The stories can be piercingly sad, but are dotted with humor. "Humor was an important thing for me," Nagamatsu said. "I wanted to make sure there was some hope in each chapter, but also that there were some nods at lighter moments. I didn't want it to be a 24/7 grief parade.

"When you're talking about a tragic event or having lost somebody, you're going to cry but you're also going to laugh. I wanted to acknowledge that the full spectrum of emotions is going to be there."

"How High We Go in the Dark" has garnered effusive pre-publication reviews, and its publisher, William Morrow, announced an initial print run of 100,000 — unusual for a debut novel.

"Our Goodreads numbers are kind of wild," Nagamatsu said. "Unexpectedly so. More than 40,000 adds on Goodreads. The buzz is happening and it's really exciting."

Grounded in research

Nagamatsu's interest in Dystopian literature "goes back to the shows and novels that I grew up loving. 'Star Trek' — at its heart it was a very forward-thinking, original series. It tackled issues of race, of class, and some of my favorite episodes were deeply philosophical thinking about identity, what makes a human a human."

The show, he said, "helped me embrace narratives where, yes, there is the cool science fictional conceit — warp drives or whatever it may be — but that was never really the point. The point was using that as a way of attracting a dialogue that might be difficult to have in real life."

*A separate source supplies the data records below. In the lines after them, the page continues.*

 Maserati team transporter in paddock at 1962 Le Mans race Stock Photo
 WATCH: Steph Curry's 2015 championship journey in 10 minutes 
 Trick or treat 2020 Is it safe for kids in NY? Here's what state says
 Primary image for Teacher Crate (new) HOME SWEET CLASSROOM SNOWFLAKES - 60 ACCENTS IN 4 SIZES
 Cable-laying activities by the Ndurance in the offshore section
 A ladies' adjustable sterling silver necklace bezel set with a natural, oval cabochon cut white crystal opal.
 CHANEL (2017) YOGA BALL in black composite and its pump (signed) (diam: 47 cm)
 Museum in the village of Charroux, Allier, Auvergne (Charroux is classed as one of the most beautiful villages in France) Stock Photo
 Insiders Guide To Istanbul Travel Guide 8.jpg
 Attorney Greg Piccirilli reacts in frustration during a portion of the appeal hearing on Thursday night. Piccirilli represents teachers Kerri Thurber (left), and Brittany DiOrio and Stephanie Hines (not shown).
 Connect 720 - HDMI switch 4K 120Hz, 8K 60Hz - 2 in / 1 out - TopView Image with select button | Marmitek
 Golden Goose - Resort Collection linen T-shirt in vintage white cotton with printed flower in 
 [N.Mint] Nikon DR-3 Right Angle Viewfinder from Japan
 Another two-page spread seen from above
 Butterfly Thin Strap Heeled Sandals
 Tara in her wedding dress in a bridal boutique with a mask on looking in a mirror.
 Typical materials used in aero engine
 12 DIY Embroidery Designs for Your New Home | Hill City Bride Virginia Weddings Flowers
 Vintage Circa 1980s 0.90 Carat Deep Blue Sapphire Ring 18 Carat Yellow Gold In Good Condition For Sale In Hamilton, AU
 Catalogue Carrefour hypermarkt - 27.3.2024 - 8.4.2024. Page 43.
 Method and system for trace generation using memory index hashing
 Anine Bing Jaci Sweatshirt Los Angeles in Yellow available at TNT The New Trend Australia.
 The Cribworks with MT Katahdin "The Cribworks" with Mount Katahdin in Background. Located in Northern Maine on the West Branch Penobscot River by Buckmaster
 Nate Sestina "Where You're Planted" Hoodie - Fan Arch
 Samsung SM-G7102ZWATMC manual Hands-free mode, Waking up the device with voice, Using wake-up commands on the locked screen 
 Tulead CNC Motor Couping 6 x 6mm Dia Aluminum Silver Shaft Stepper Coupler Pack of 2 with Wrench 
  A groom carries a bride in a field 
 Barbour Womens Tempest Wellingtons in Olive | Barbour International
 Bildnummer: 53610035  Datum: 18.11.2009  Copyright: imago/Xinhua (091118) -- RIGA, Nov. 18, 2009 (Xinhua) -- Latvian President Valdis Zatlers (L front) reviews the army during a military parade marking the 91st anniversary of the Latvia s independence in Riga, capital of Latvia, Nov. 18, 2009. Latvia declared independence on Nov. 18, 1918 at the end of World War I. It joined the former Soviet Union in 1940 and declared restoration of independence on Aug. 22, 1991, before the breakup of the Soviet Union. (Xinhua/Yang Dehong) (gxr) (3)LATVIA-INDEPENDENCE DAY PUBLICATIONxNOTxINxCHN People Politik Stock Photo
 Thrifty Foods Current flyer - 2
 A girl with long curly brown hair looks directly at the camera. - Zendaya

Nagamatsu devotes a lot of time to research, grounding his speculative fiction in fact. In one story, he mentions the black foliage on a distant planet, and a Goodreads reader noted that was believable for the kind of star that planet had, a red dwarf star. "So the way that the plants might appear to our eyes would be a darker color," Nagamatsu said. "That's the kind of thing I spent a lot of time researching and it's just one line. If people are science-y, they will appreciate it."

Early iterations of the novel didn't mention a plague, but that changed in 2014, when Nagamatsu read an article in the Atlantic about scientists finding and reviving ancient viruses frozen in the Siberian ice.

"Scientists being scientists, they're well-intentioned and they're prodding at it and trying to reactivate certain things," Nagamatsu said. "I love science, but my knee-jerk reaction was 'Have you never seen a horror movie? Do you not know what could happen?' "

Nagamatsu knew, and an unleashed plague eventually became a theme of the book.

Early in 2020 he and his agent were about to send the manuscript to publishers when COVID-19 hit. To publish a novel about a deadly worldwide plague during a worldwide pandemic seemed problematic, but after discussion, they went ahead.

The novel landed with William Morrow in a two-book deal. (The second novel, "Girl Zero," is due out in 2024. )"How High We Go in the Dark" is dedicated to another member of his family who died — his father, Craig Nagamatsu, who passed away while he was working on the book.

"We had kind of an estranged relationship," he said. "I think it was an important moment for me, working on this novel at that time. It did help me process my emotions.

"It kept me afloat during the pandemic. It was definitely an important part of my life. When not a lot of other things were going right in the world, there was this book."